Big Actors Don’t Do Politics. This Dynamic Duo Explains Why
KEY POINTS
- Goldie Hawn: Just because I have a platform doesn’t mean I have to use it
- Kurt Russell says his role is that of a court jester, not a political activist
- The long-time couple is staring on screen together for the first time since 1987
Explaining why the duo rarely speaks out on politics, Hollywood power couple Goldie Hawn and Kurt Russell said they prefer to exist as characters in the entertainment world.
Russell and Hawn are staring together for the first time since the 1987 comedy “Overboard” in a Netflix sequel to “The Christmas Chronicles,” with Hawn filling the role of Mrs. Claus to Russell’s Kris Kringle.
Hawn, who rose to stardom in the 1960s TV sketch comedy "Laugh-In," said the duo tends to avoid weighing in on the issues of the day in order to cater to their celebrity personas.
“The one thing I don’t agree with is that just because we have a platform we always have to use it,” she told The New York Times in an expose published Wednesday. “That is our choice.”
Brushing with gender roles in an era that saw Dustin Hoffman cross-dress for his role in the comedy “Tootsie,” Hawn earned an Academy Award nomination for playing an eventual elite paratrooper in “Private Benjamin,” one of the biggest box office hits of the 1980s.
Her Hawn Foundation, which she started in 2003, is a non-profit targeting academic performance in youth education. But on politics, Hawn, who celebrates her 75th birthday on Saturday, said it’s a “personal choice” about weighing in on current events.
Russell, 69, was more emphatic about the mix between entertainment and current events.
“I’ve always been someone who felt we are court jesters,” he said.
Russell has largely stuck with comedy and action roles. He gained cult-like status for his lead role in the 1981 sci-fi film “Escape From New York,” which sees Manhattan turned into a prison in a film that director John Carpenter wrote as an off-hand criticism of President Richard Nixon after the Watergate scandal.

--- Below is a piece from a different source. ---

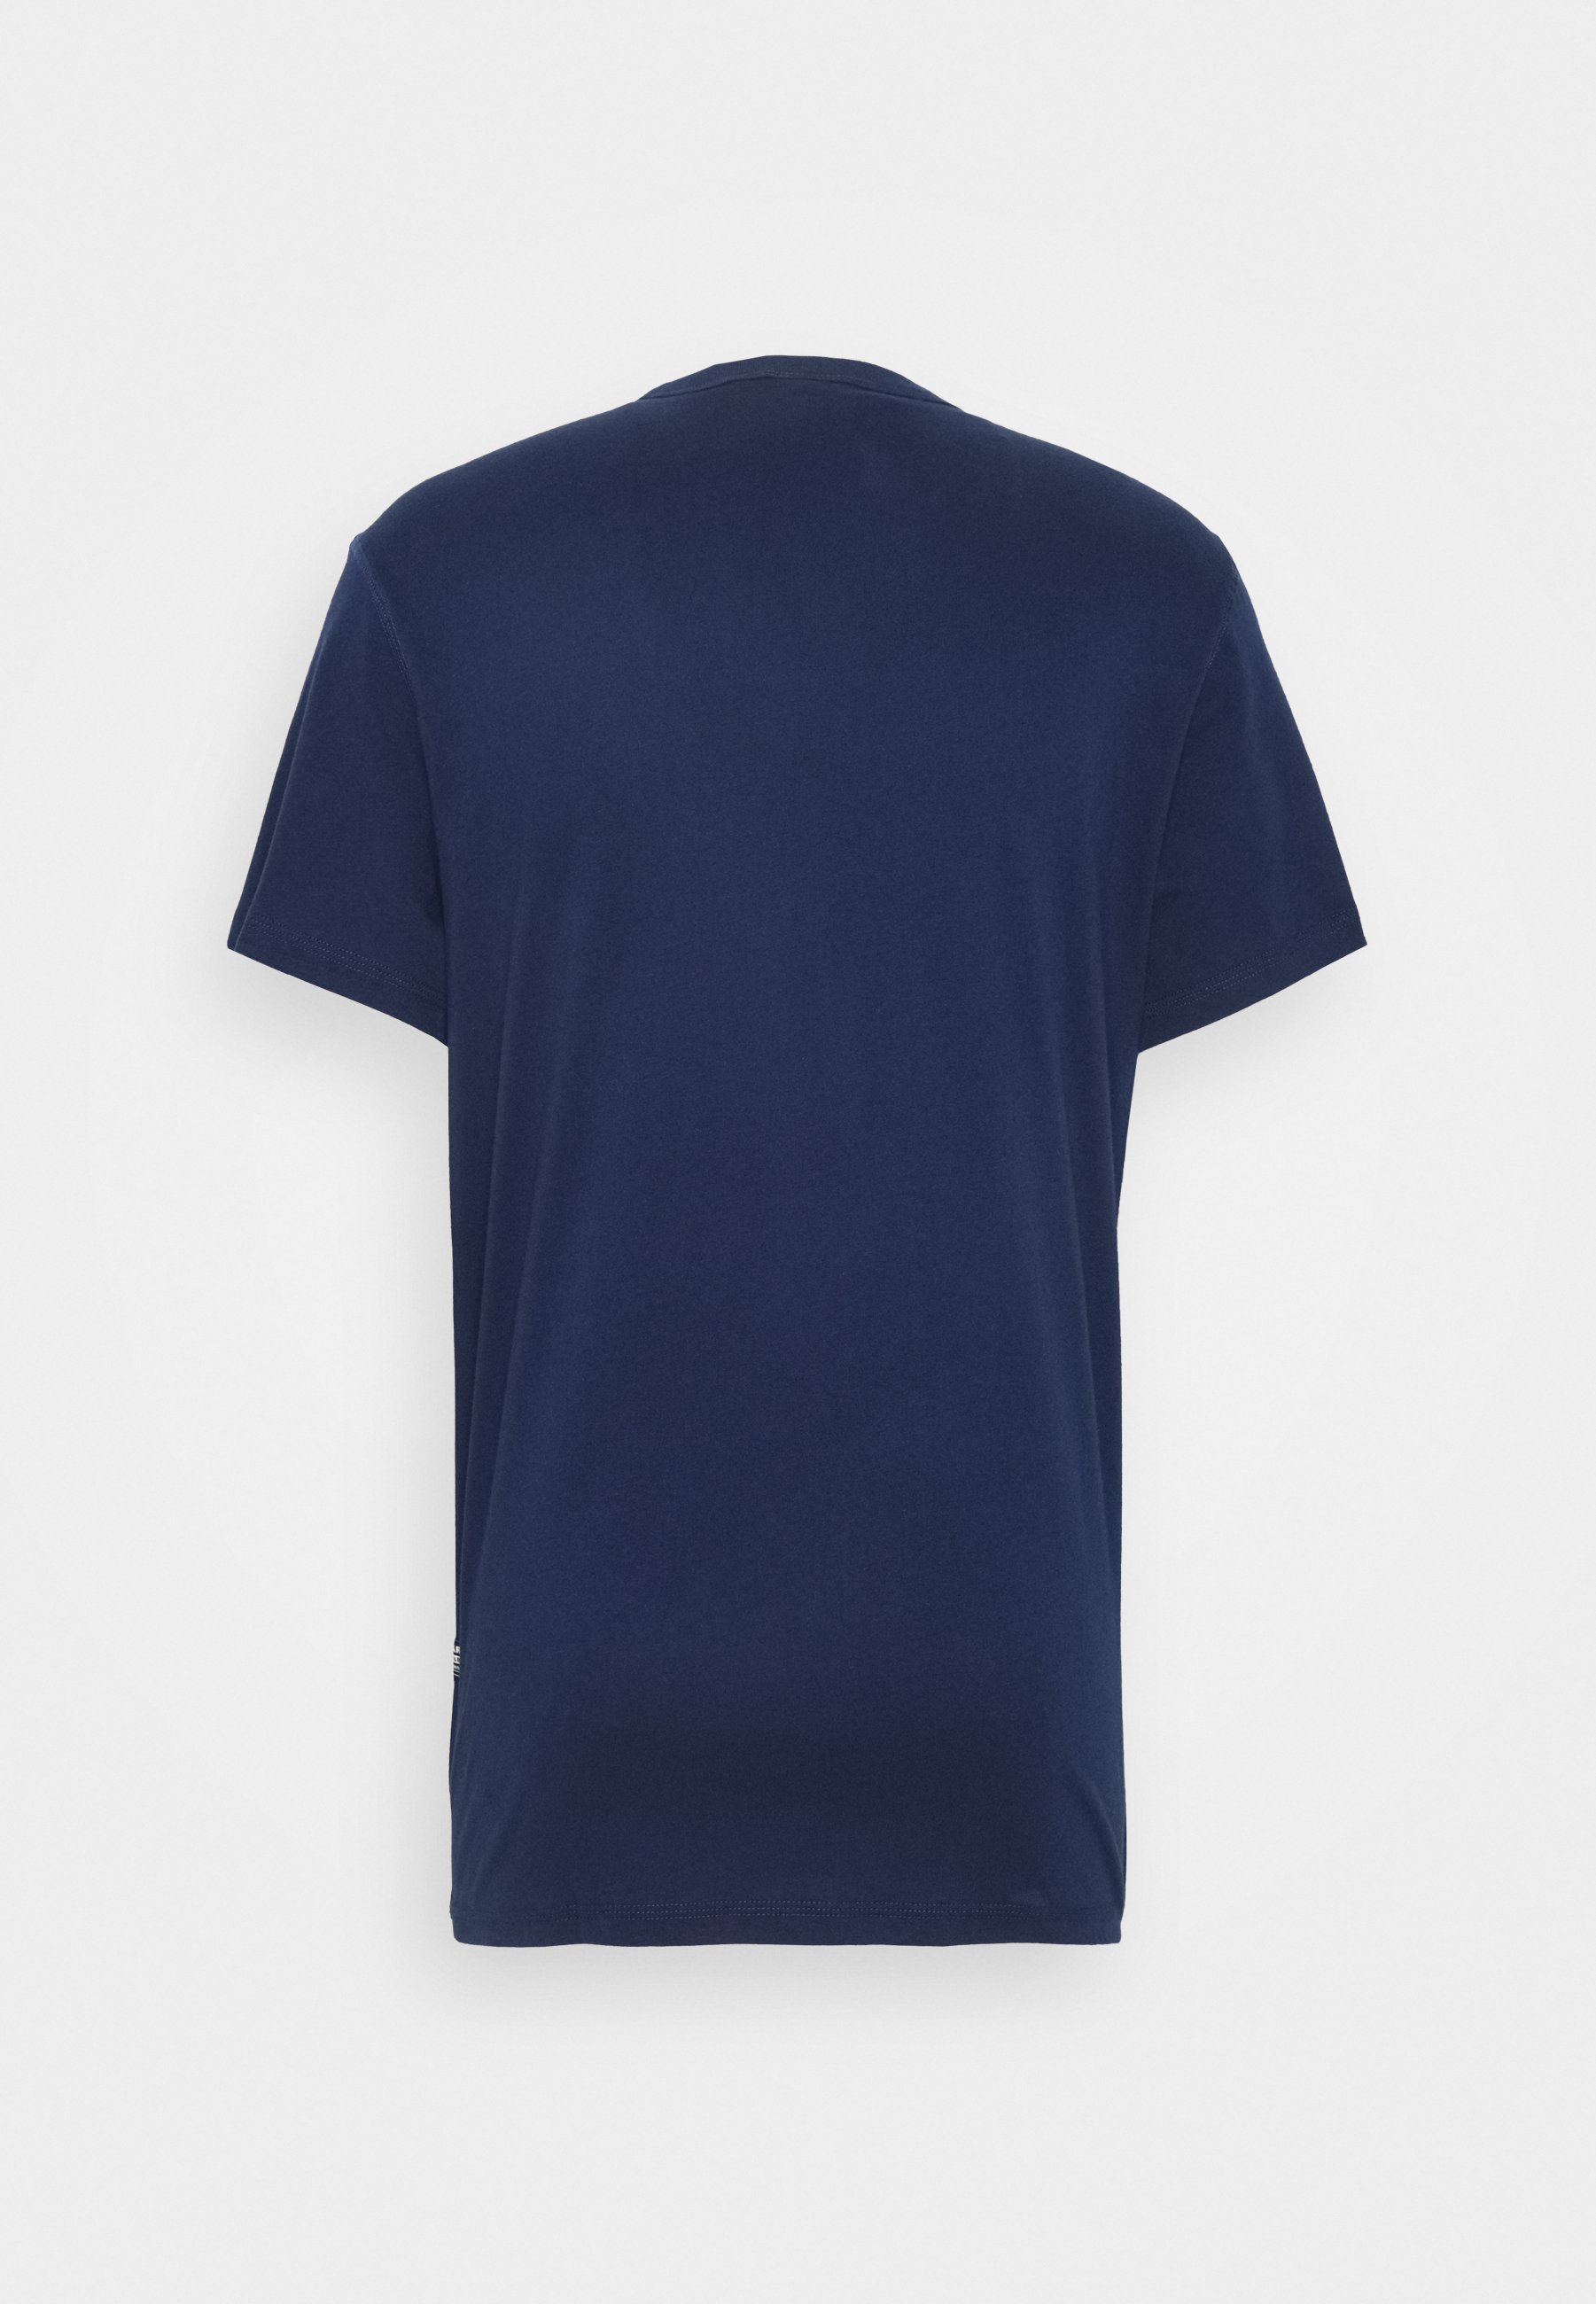 G-star Wavy Logo Originals R T S\s - T-shirts Med Print Compact Peach/imperial Blue

Later, he played Jimmy Harrel, an offshore manager for Transocean during the Deepwater Horizon oil spill in the Gulf of Mexico in 2010, in the movie “Deepwater Horizon.”
Unlike Hawn, his partner for 37 years, Russell has no apparent philanthropic organization. Known as a staunch supporter of gun rights, Russell, a Libertarian, told The Daily Beast in 2017 he’s entitled to his opinions, but largely keeps them to himself.
“There’s no reason entertainers can’t learn just as much as anybody else about a subject, whatever it is,” he said. “But I think that what’s sad about it is that they lose their status as a court jester. And I’m a court jester. That’s what I was born to do.”